Backward Bill Passed, but Vietnamese-Canadians Move Forward - New Canadian Media

Backward Bill Passed, but Vietnamese-Canadians Move Forward

How would Canadians feel if July 1 was called Black July Day? What would happen if fictitious governments that no longer exist–such as the old…

How would Canadians feel if July 1 was called Black July Day?

What would happen if fictitious governments that no longer exist–such as the old Saigon regime–continue to be recognized in Canadian legislation?

Bill S-219 is a very troubling precedent. Any unhappy faction can not only celebrate its own private version of right and wrong, in parades and heritage societies and the like, but also in actual legislation.

We understand the importance of recognizing the heritage of ethnic groups in Canada. But Bill S-219 is not about commemorating the exodus of refugees, not about showing appreciation to Canada for accepting them, or acknowledging their contribution to this country. This bill is to get votes for the Conservatives in the upcoming election.

We will celebrate this day as the day when we feel free to have our own views, despite the Conservative government’s attempt to take the side of the old Saigon group with this vote-grabbing bill.

Bill S-219 does not add anything good to the community, and it will continue to divide it. How backward that the bill still has a we-were-victims mentality rather than focusing on moving forward. Furthermore, this bill is an obstacle for Canadians who work in sectors or are interested in promoting Canada’s Global Markets Action Plan, International Education Strategy, or aid effectiveness agenda in Vietnam.

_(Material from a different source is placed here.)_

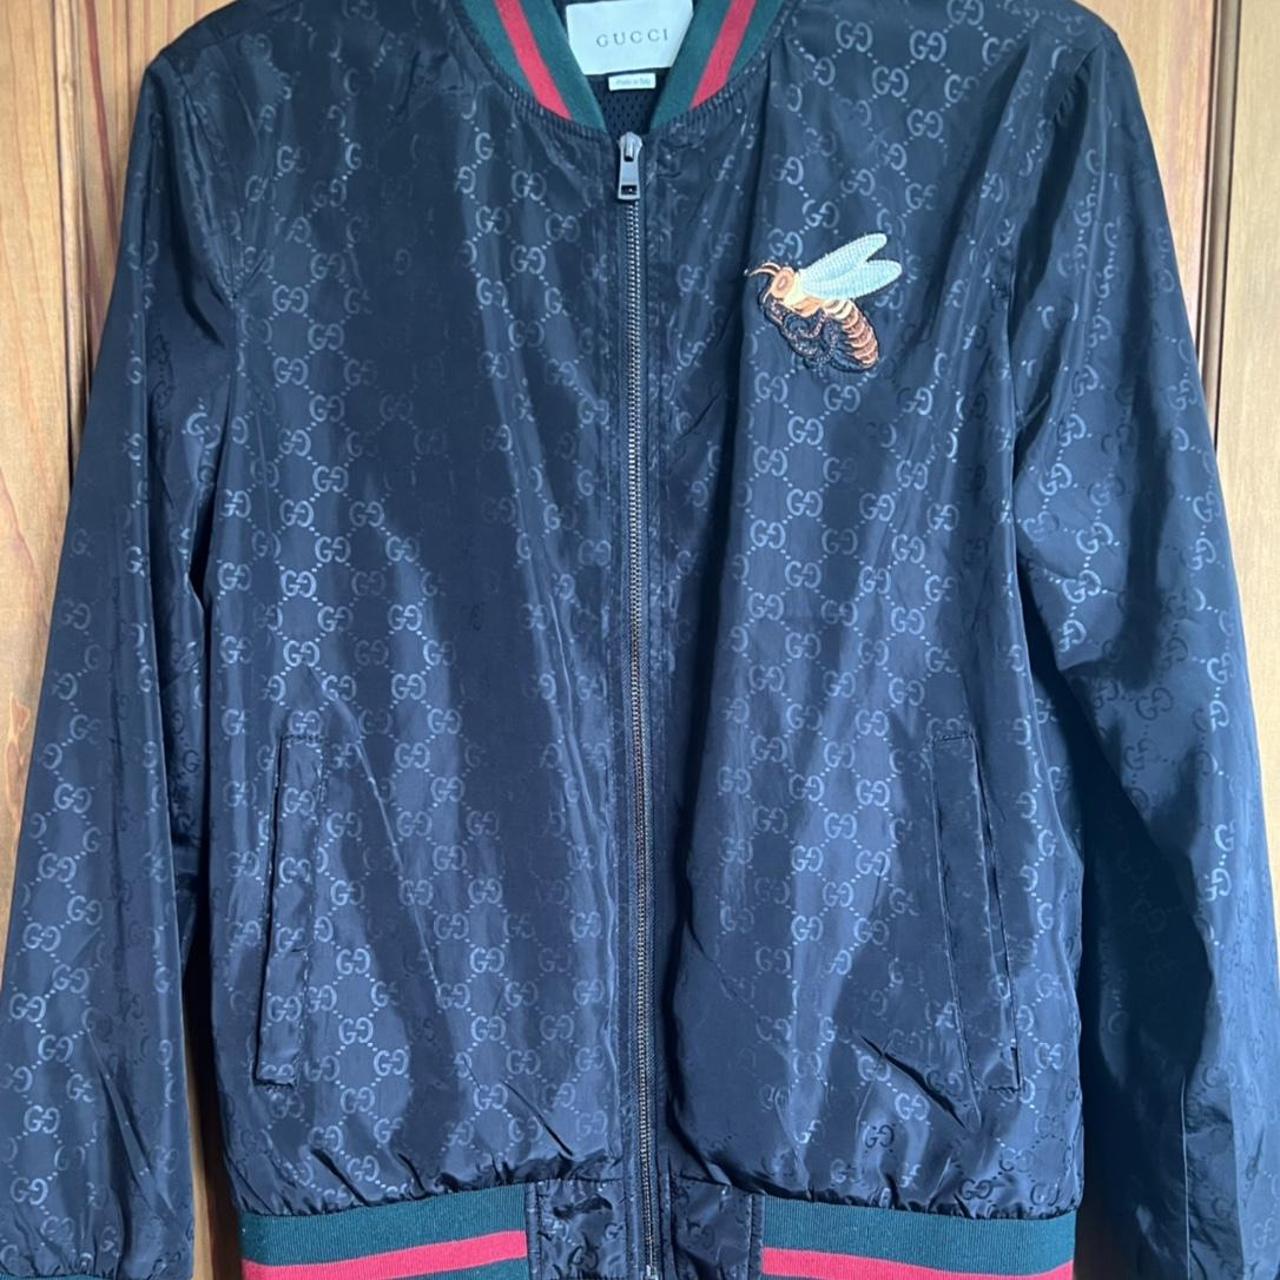 Gucci jacket Selling as I don’t wear it... - Depop

Let’s put Bill S-219 in an international context. After the Vietnam War ended in 1975, the US normalized relations with Vietnam in 1995. In 2015, the US is ready to build a better relationship with the government of Vietnam. A recent US policy prohibits the flying of the old Saigon flag and singing the old national anthem on federal property.

To the opposite, Canada decided to be friendlier with the old Saigon group, at the risk of upsetting a partner of more than just trade, and the minister of defence has draped the old Saigon symbol around his shoulders at Vietnamese events.

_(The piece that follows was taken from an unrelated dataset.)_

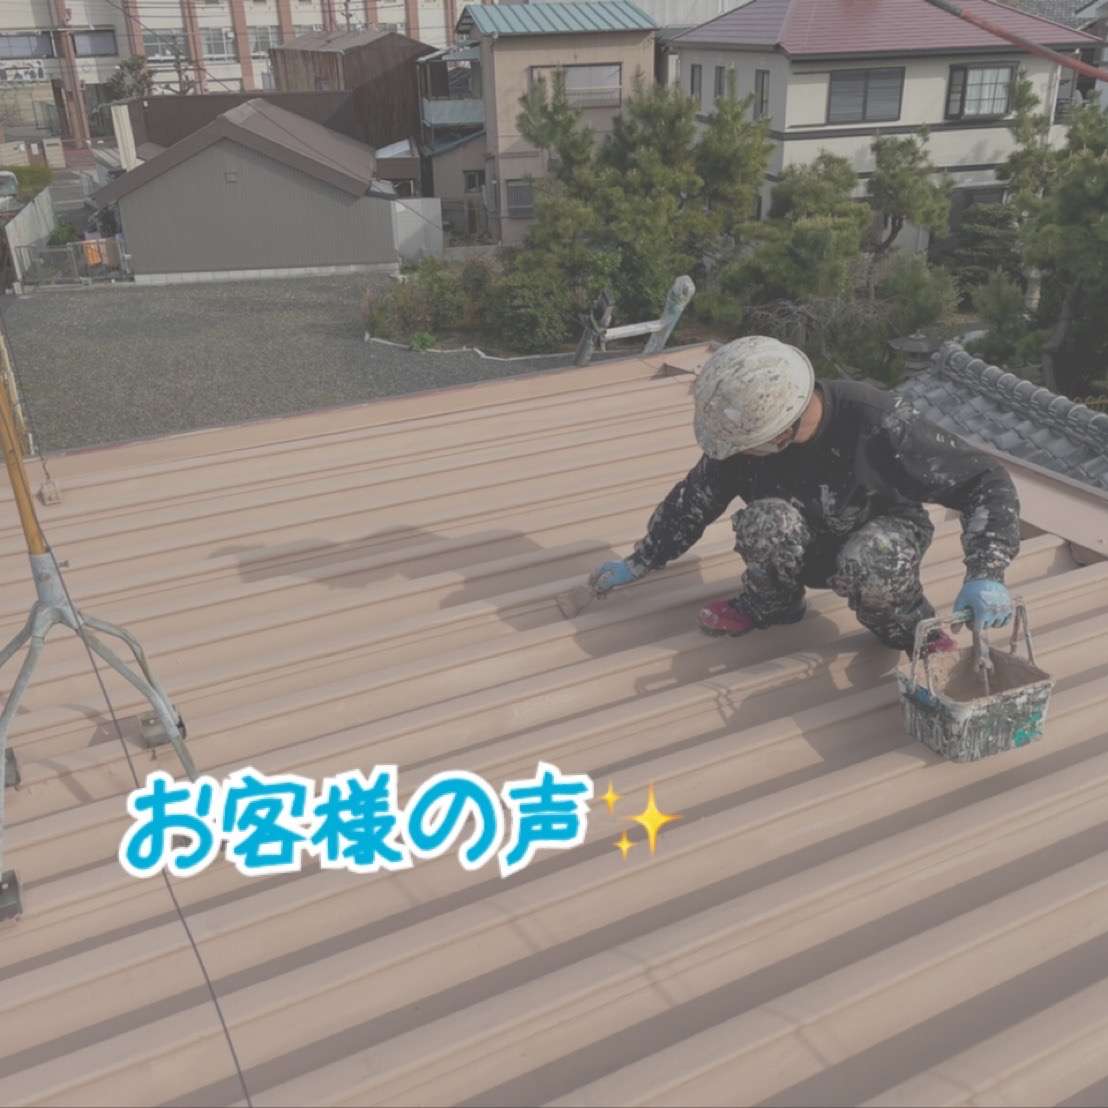 折半屋根断熱塗装工事をさせていただきました名古屋市千種区M様から嬉しい口コミを頂きましたのでご紹介させていただきます✨

April 30 as a dark day is the view of only a few thousand South Vietnamese who lost their power and privileges. On the other hand, April 30 is North-South reunification day for ordinary Vietnamese-Canadians, including many refugees who arrived in 1979-80 and over 100,000 economic immigrants who landed after 1981, who longed for peace and prosperity.

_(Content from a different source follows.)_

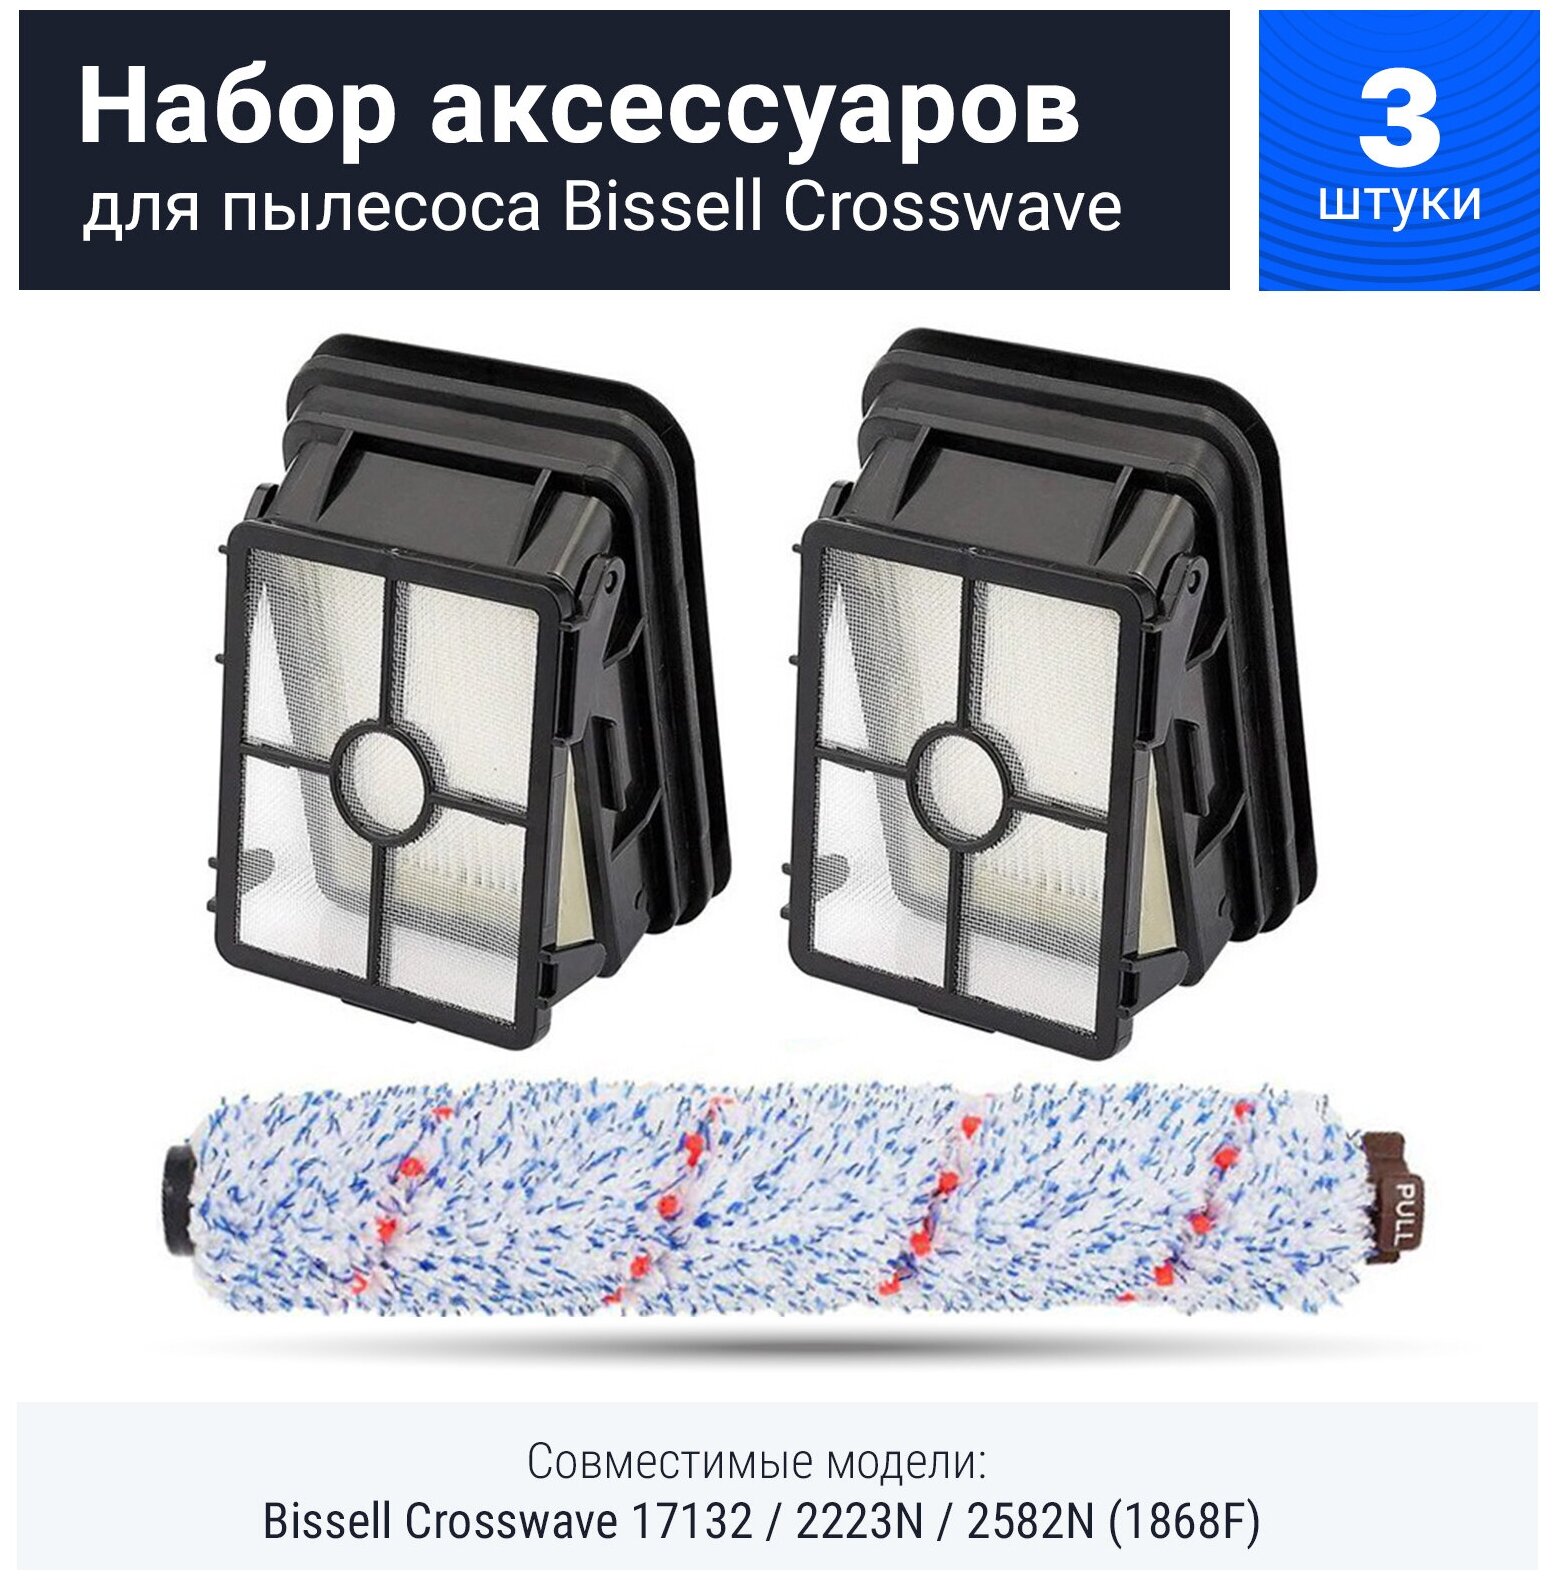 Комплект фильтров + щетка для пылесоса Bissel Crosswave 17132, 2582N (1868F)

We agree that the experience of 60,000 boat people from Vietnam and the generosity of Canadian people in accepting them should be acknowledged as part of Canadian history. Refugees would want to remember the date when they are accepted and land in a safe place. The appropriate date of commemoration is July 27 when the first flight landed in Toronto in 1979, and the title should be along the line of an appreciation of Canada by Vietnamese refugees.

What would happen if fictitious governments that no longer exist–such as the old Saigon regime–continue to be recognized in Canadian legislation?

Canadians who are interested in freedom and democracy might want to take a look at our community. The few thousand South Vietnamese who fled in 1975 seek to impose their old Saigon political view on the refugees and immigrants who came later. All other voices are suppressed using threats of red-baiting. Members who are not outspoken about their anti-communist view or who have any contact with the government of Vietnam are singled out and labelled “communist.”

But because of Bill S-219, many members who have put up with this old group for so long, now for the first time in 40 years, have mobilized among themselves and become active in their political life.

On April 30, we will celebrate our own journey to freedom day as we understand it. We understand that even in a democratic country like Canada, the Senate can deny opposing views to be heard; that our community has been imposed a political view by a small group for 40 years.

But after 40 years, our journey has reached a critical point to achieve the freedom we look for. We will celebrate this day as the day when we feel free to have our own views, despite the Conservative government’s attempt to take the side of the old Saigon group with this vote-grabbing bill.


Dai Trang Nguyen is a co-founder and director of the Canada-Vietnam Trade Council and a representative of the Canada-Vietnam Association. She is a college professor in international business and international development in Toronto.